To measure well-being and mental health, we rely on internationally accepted, validated, and comparable measures that are in accordance with the guidelines of the International Consortium for Health Outcomes Measurement (
34,
46). Specifically, we use the KIDSCREEN-10 Index and the HBSC-SCL to measure adolescents’ well-being and psychosomatic complaints. The KIDSCREEN-10 Index is based on the KIDSCREEN-52 and constitutes a global measure for HRQoL. It is computed using the responses on a five-point Likert scale (from “never” to “always” or from “not at all” to “extremely”) with 10 questions capturing information, e.g., “Have you felt fit and well during the previous week?”. The KIDSCREEN-10 Index is developed according to the item response theory (international
T values based on RASCH modeling) (
35,
47). The second scale, the HBSC-SCL, contains eight questions assessing the frequency of psychosomatic complaints (e.g., headache and nervousness) within the past week on a five-point response scale (from “not at all” to “daily”) (
36). We further draw upon three clinical scales. The SDQ provides information about emotions, behaviors, and relationships regarding children and adolescents during the previous week. It contains, in total, 20 items divided in four subscales on emotional (e.g., “Many worries, often seems worried”), conduct (e.g., “Often lies or cheats”), hyperactivity (e.g., “Constantly fidgeting or squirming”), and peer problems (e.g., “Often fights with other children or bullies them”), each providing three response options from “not true” to “certainly true” (
37). We further use the CES-DC to examine depressive symptoms. This scale is generated on the basis of seven items (e.g., “I felt sad”) with frequency during the previous week scored on a scale of 0 (= “not at all”) to 3 (= “a lot”) (
38,
48). Last, we rely on the nine-item generalized anxiety subscale of the German SCARED. Here, adolescents are asked to score statements such as “I am nervous” with three response options (from 0 = “not true or hardly ever true” to 2 = “very true or often true”) (
39,
49).
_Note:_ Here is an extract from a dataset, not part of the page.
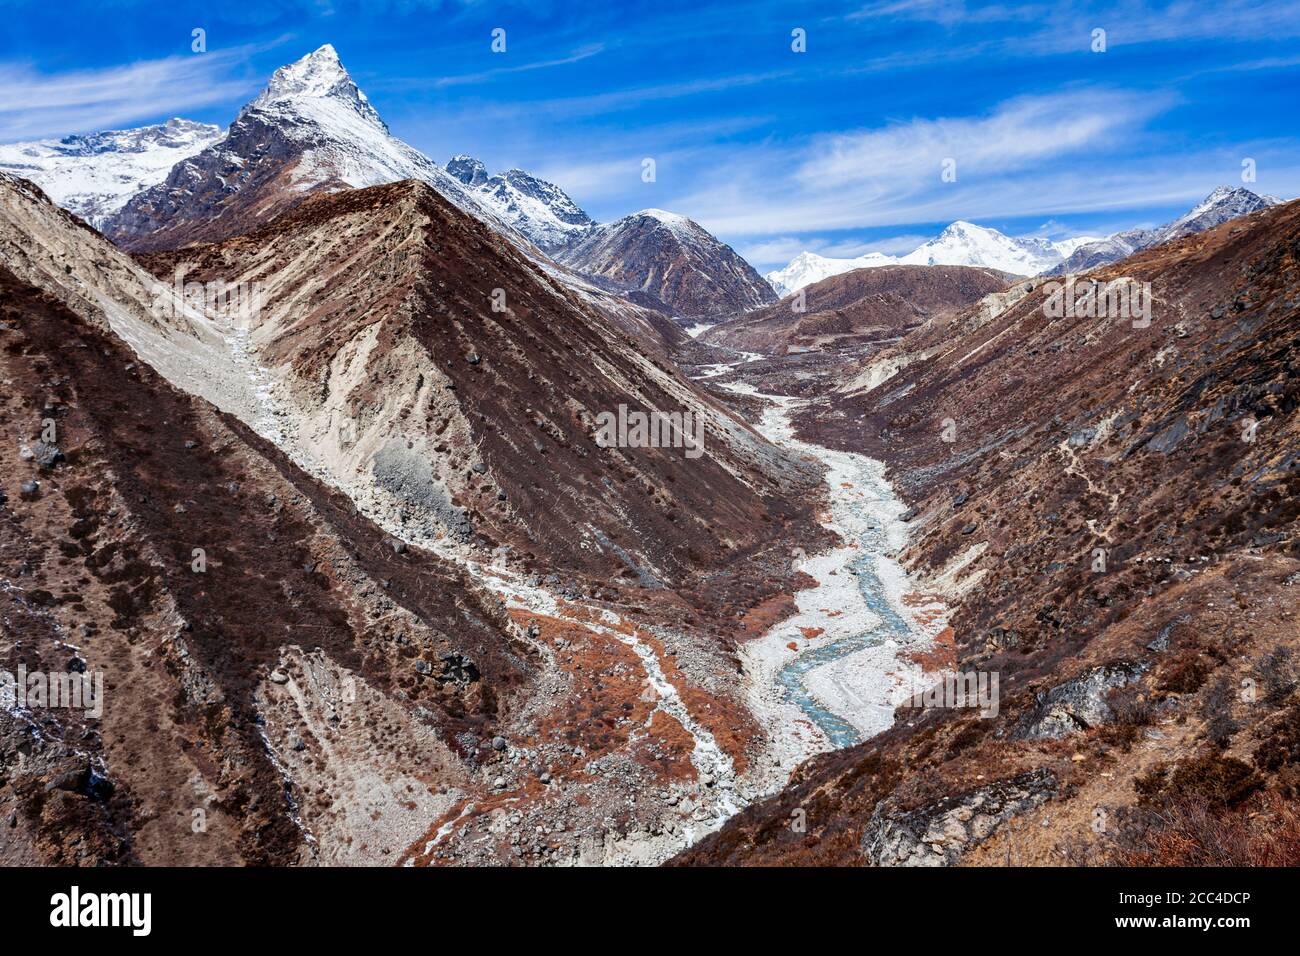 Dudh Koshi river valley scenic mountain landscape in Everest or Khumbu region in Himalaya in Nepal Stock Photo
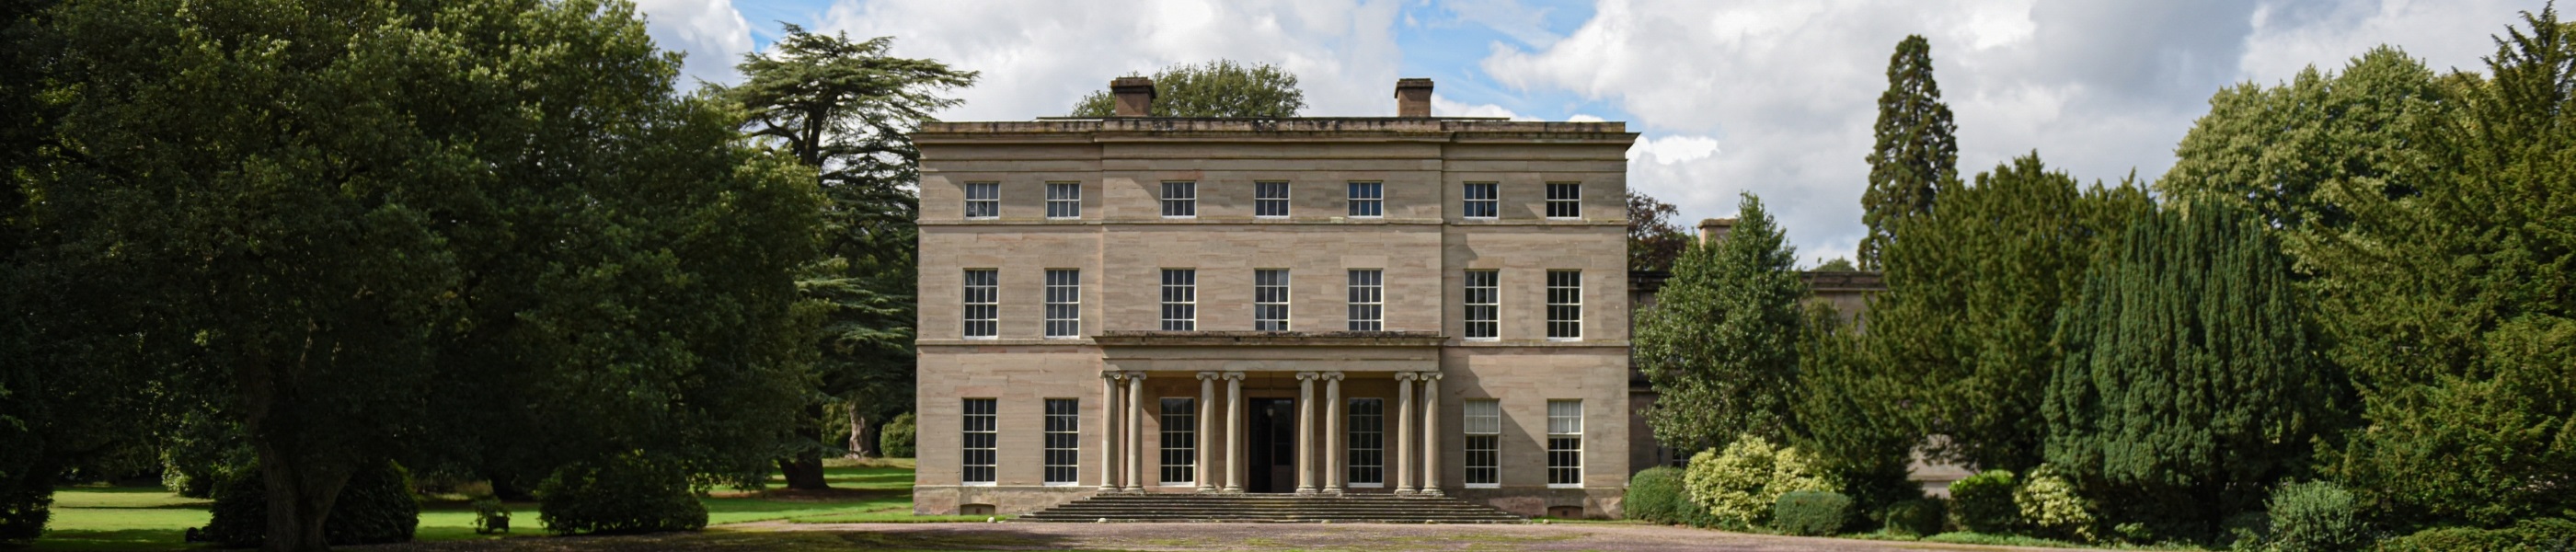 THE HOUSE OF SANDYS: OMBERSLEY COURT

All scales stem from the youth survey except the SDQ provided by the parental questionnaire.
To identify the effects on parental mental health and FC, we use two scales stemming from the parental questionnaire. First, we rely on the PHQ-8 measuring parental depressive disorder. This scale summarizes eight statements (on a four-response scale from “not at all” to “nearly every day”) regarding personal health (e.g., “Feeling down, depressed, or hopeless,” “Troubles falling asleep or staying asleep, or sleeping too much,” and “Feeling tired or having little energy”) (
40). Second, we draw upon the parent-reported FC scale assessing family climate with four statements as “In our family, everybody cares about each other’s worries” on a four-response scale from “not true” to ‘exactly true” (
41).
Merged dataset (COPSY, pre-pandemic wave of BELLA, and school closure data)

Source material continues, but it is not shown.